On this episode of 5 Minutes in Church History we’re going to go back in time again, and we’re also going to go to a far away place. Well, I guess far away if you’re in the United States. We’re going to go to a place that looks like it’s pronounced “Lion,” but this is in France and so we would call it “Lee-on.”

In Lyon there was a church that started early in the second century. And right from the beginning this church faced persecution. Now in those days it was not called Lyon, it was just part of Roman Gaul, and so were Rome and France; and it was under the control of the Roman Empire.

Now by this time, the Caesars had sort of pulled back from persecuting the church. But there was still plenty of persecution that was happening in the church. It tended to reflect the issues or the attitudes towards Christianity of the local officials. And in Lyon the local officials had it out for the Christians. In fact, from the very beginning they attacked the church that was there.

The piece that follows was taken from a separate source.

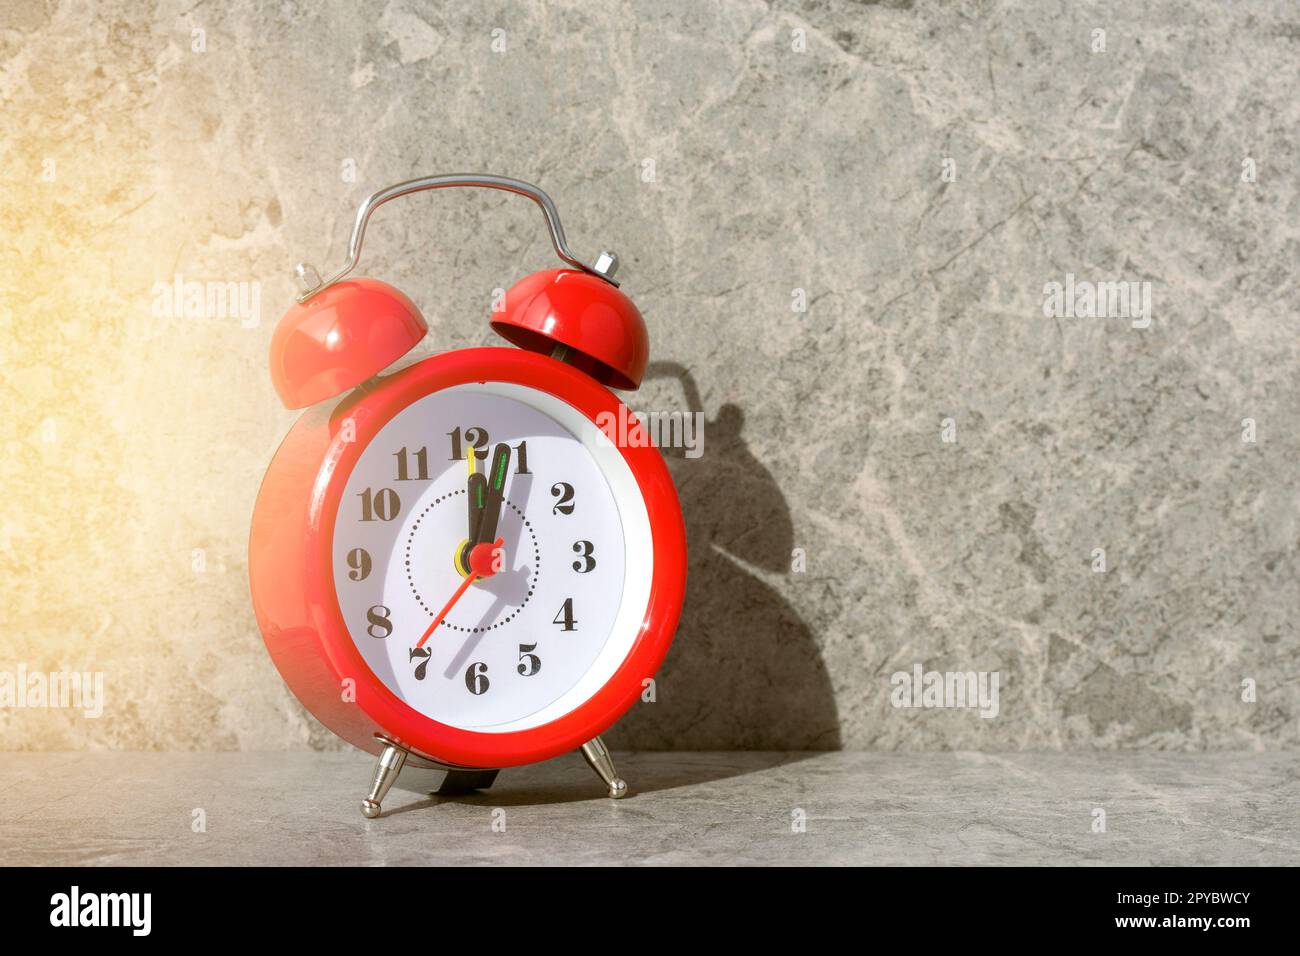 Red alarm clock with a sunlight and shadow on the grey stone background Stock Photo

We have a nice record of this for us preserved by the early church historian Eusebius. He left us a wonderful book called, The History of the Church, and in this book he recounts the challenges and the persecutions that the church at Lyon faced. Eusebius writes, “First of all, they endured nobly the injuries heaped upon them by the populous—clamors and blows and draggings and robberies and stonings and imprisonments, and all the things which an infuriated mob delight in inflicting on enemies and adversaries." Now it mentions there that they were beaten, it mentions their robbings. When Christians would leave their home, likely when they would be gathered in worship, their neighbors would literally go into their houses and ransack their houses and rob them.

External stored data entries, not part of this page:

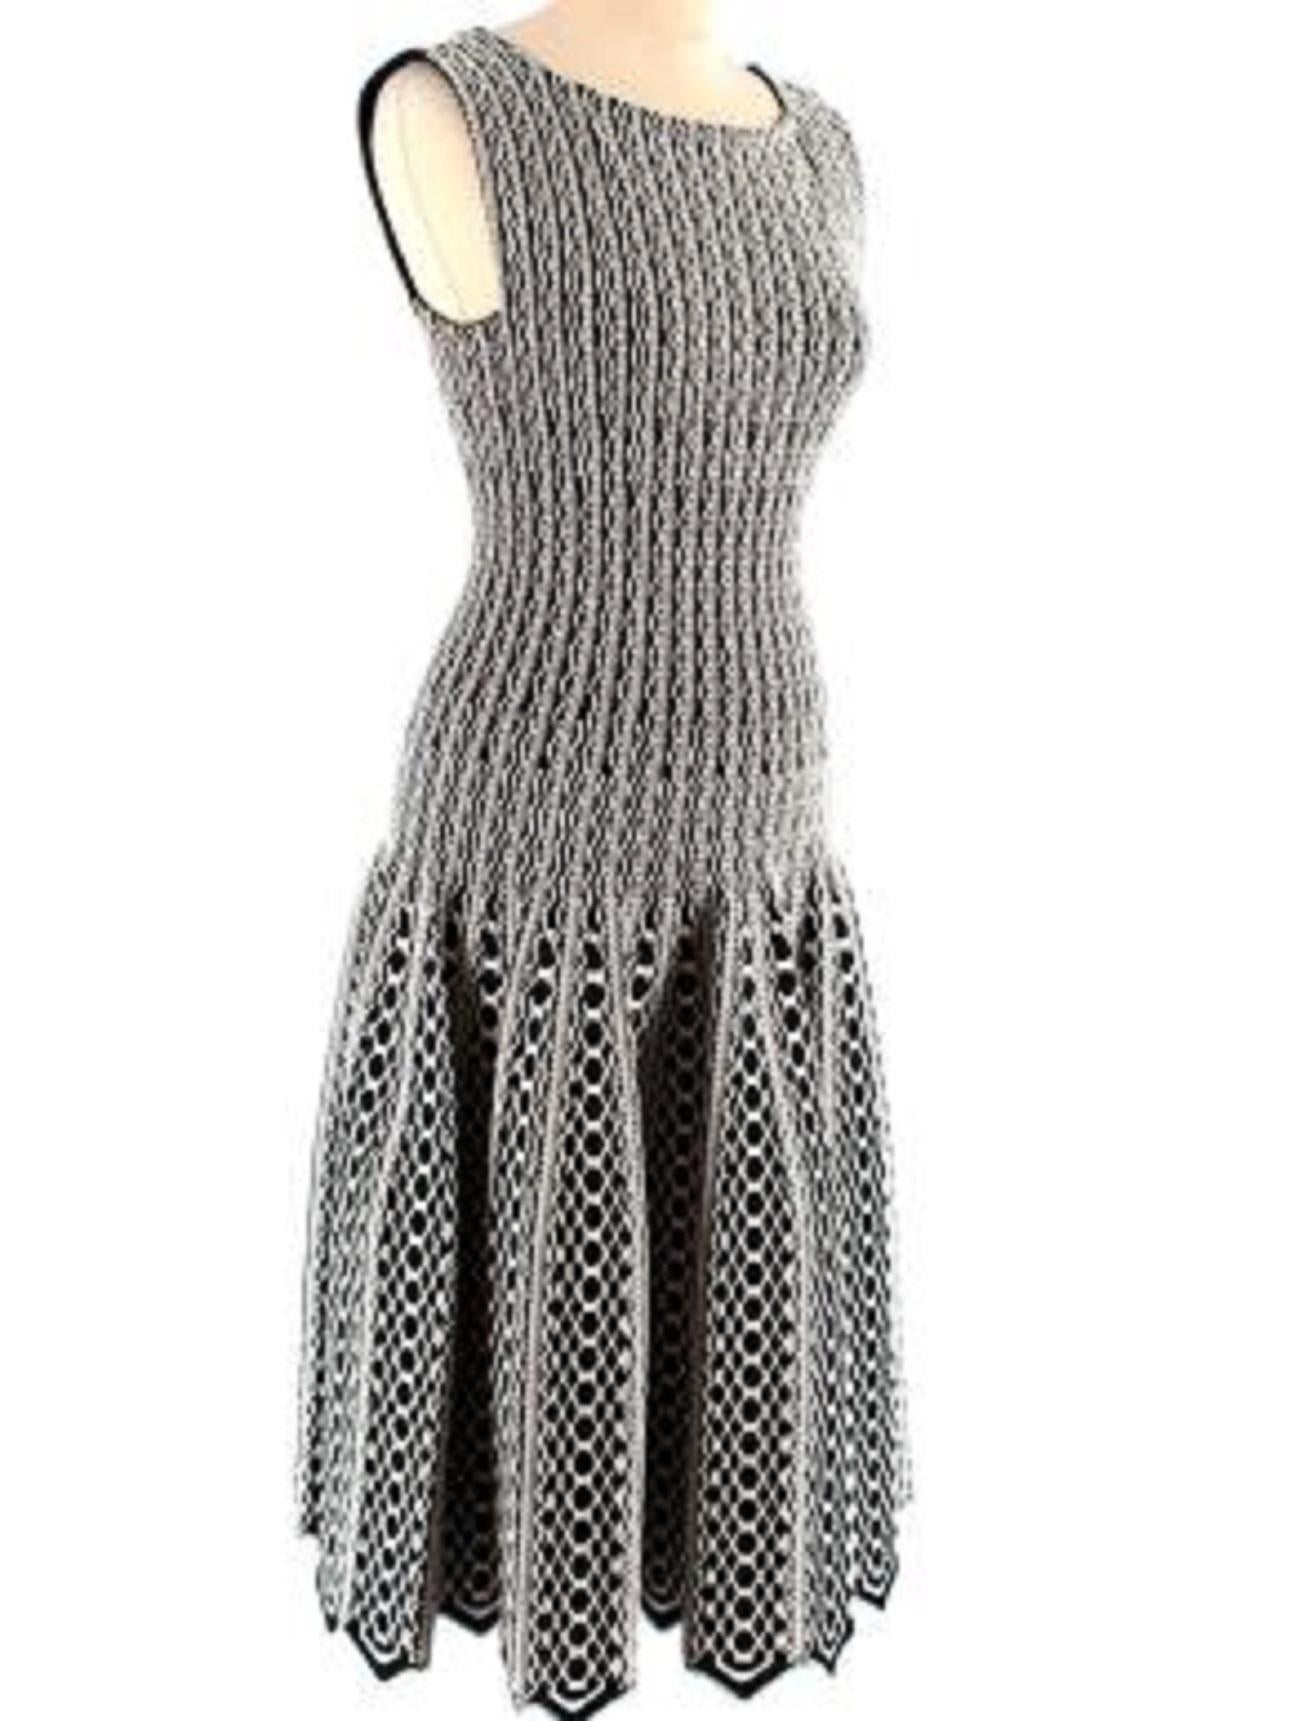 Alaia Black and White patterned skater dress 

-Square neckline 
-Zip fastening along the back 
-Sleeveless 
-Mid-weight with slight stretch 
-Intarsia knit design 
-Pleated from waist 
-Scalloped hem

Material: 

70% Viscose 
20% Polyamide 
6%

These were the things the Christians endured right from the beginning in Lyon. But right around 177, the officials decided it was time to sort of ramp it up, and so they gathered all the Christians together. They had them arrested and they brought them into the public colosseum. And there they confronted them and they asked them if they were Christians. As Eusebius says, “In the presence of the whole multitude," these Christians "confessed.” Now they confessed to no great crime against the Roman Emperor, or against the Roman Empire. They confessed to no great crime against their neighbors. They simply confessed that they were Christians, that they were followers of Christ. And so for this they were imprisoned and then eventually they were martyred. Eusebius tells us that there were 48 that were martyred altogether.

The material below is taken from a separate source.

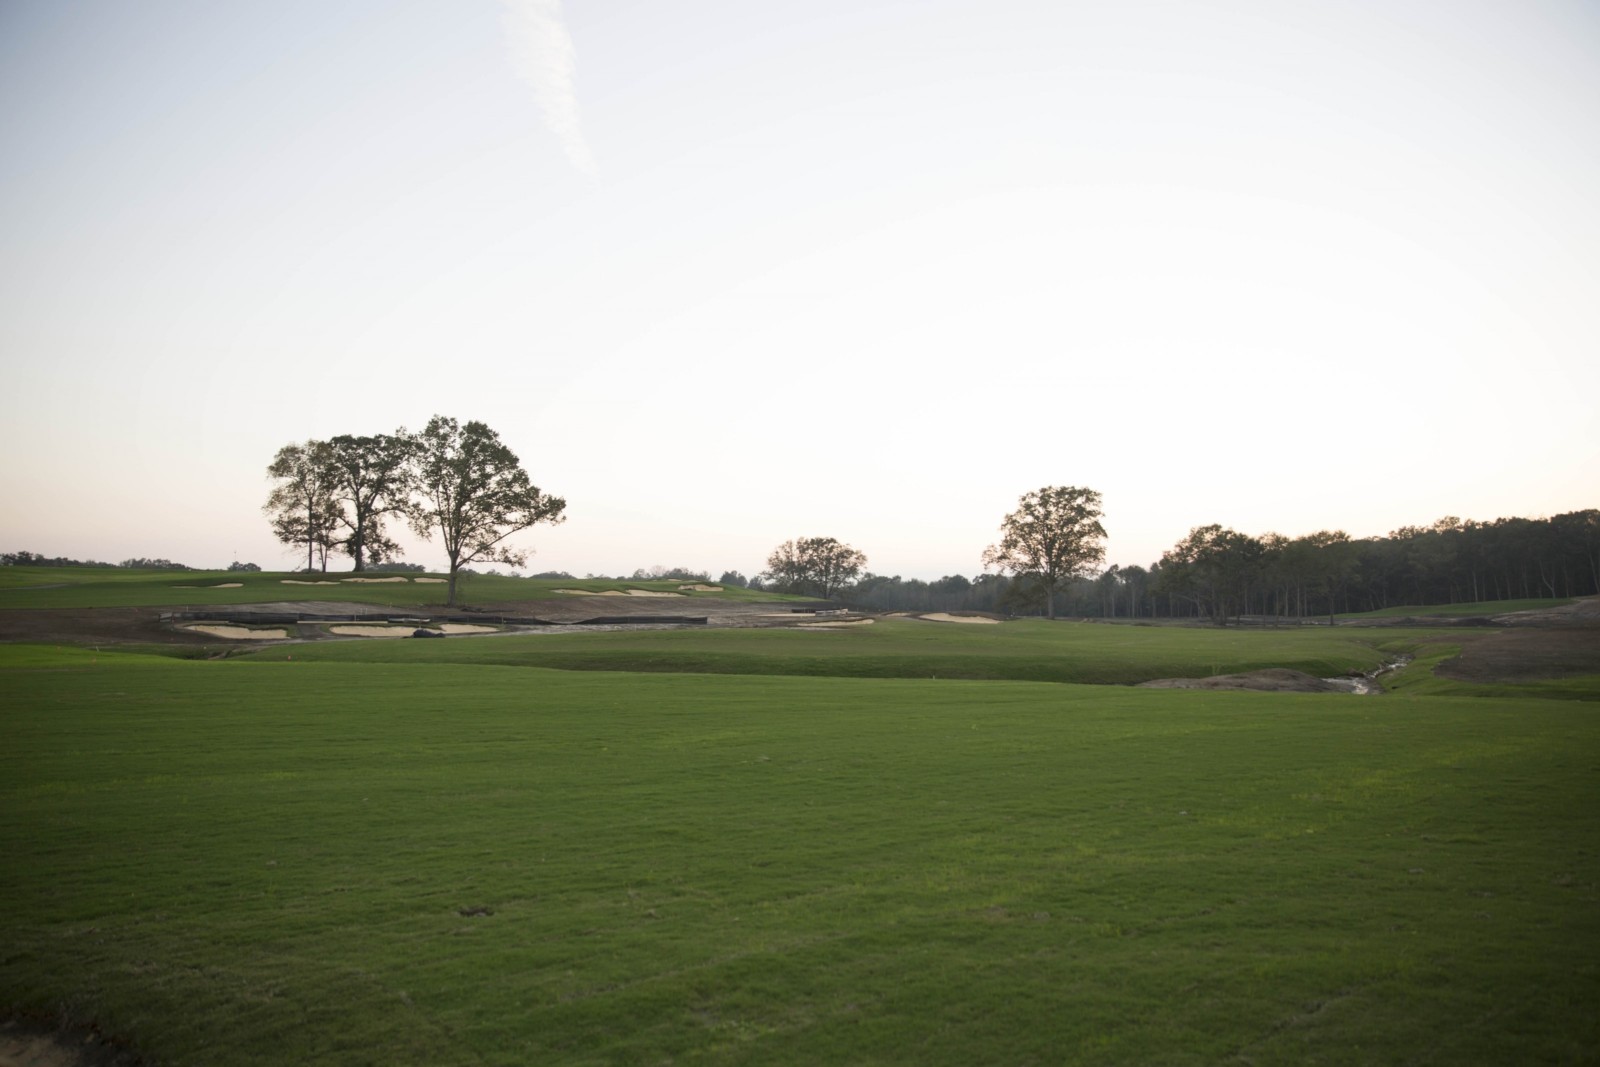 Mossy Oak Golf Club - Nature_s Golf located in West Point

Now during this time of their imprisonment there was a young man who was a presbyter at the church at the time; his name was Irenaeus. Irenaeus goes on to be a significant figure in the early church, and he first came to Christ there in that fellowship at Lyon. And so he was sent with a message, a plea for help really, to take this to the bishop of Rome. The intention was that the bishop of Rome would then present this letter requesting some mercy for the Christians and the persecution there at Lyon. And so the bishop was to take this right to the Emperor himself, and at the time the emperor was the Roman philosopher Marcus Aurelius.

We don’t know if Irenaeus’ letter ever got to the Emperor, but what we do know is that when Irenaeus returned to Lyon, these 48, these members of the community that he worshipped along side of, they were all martyred. In fact, Eusebius tells us what happens to them. At one point he says that, “All the people raged like wild beasts,” this would be the people of the town, “. . . raged like wild beasts against us. So that even if they had before been moderate on account of friendship, they were now exceedingly furious and gnashed their teeth against us. And that which was spoken by our Lord was fulfilled: 'The time will come when whosoever kills you will think that he does service’” (John 16:2).

You see, even their neighbors that they were friends with, that they had known for years, they turned on them. Eusebius even tells the story of one particular martyr there at Lyon, her name was Blandina. You should look her up and you should read her story. He refers to her as a “noble athlete.” Remember Paul says that to us, doesn’t he? That as Christians we should look to the athlete who endures the race, and endures with perseverance. She stands before this crowd and she says, “I am a Christian.” And she goes on to be martyred.

So we should remember these Christians at Lyon in 177, and their martyrdom, and their witness to their faith in Christ.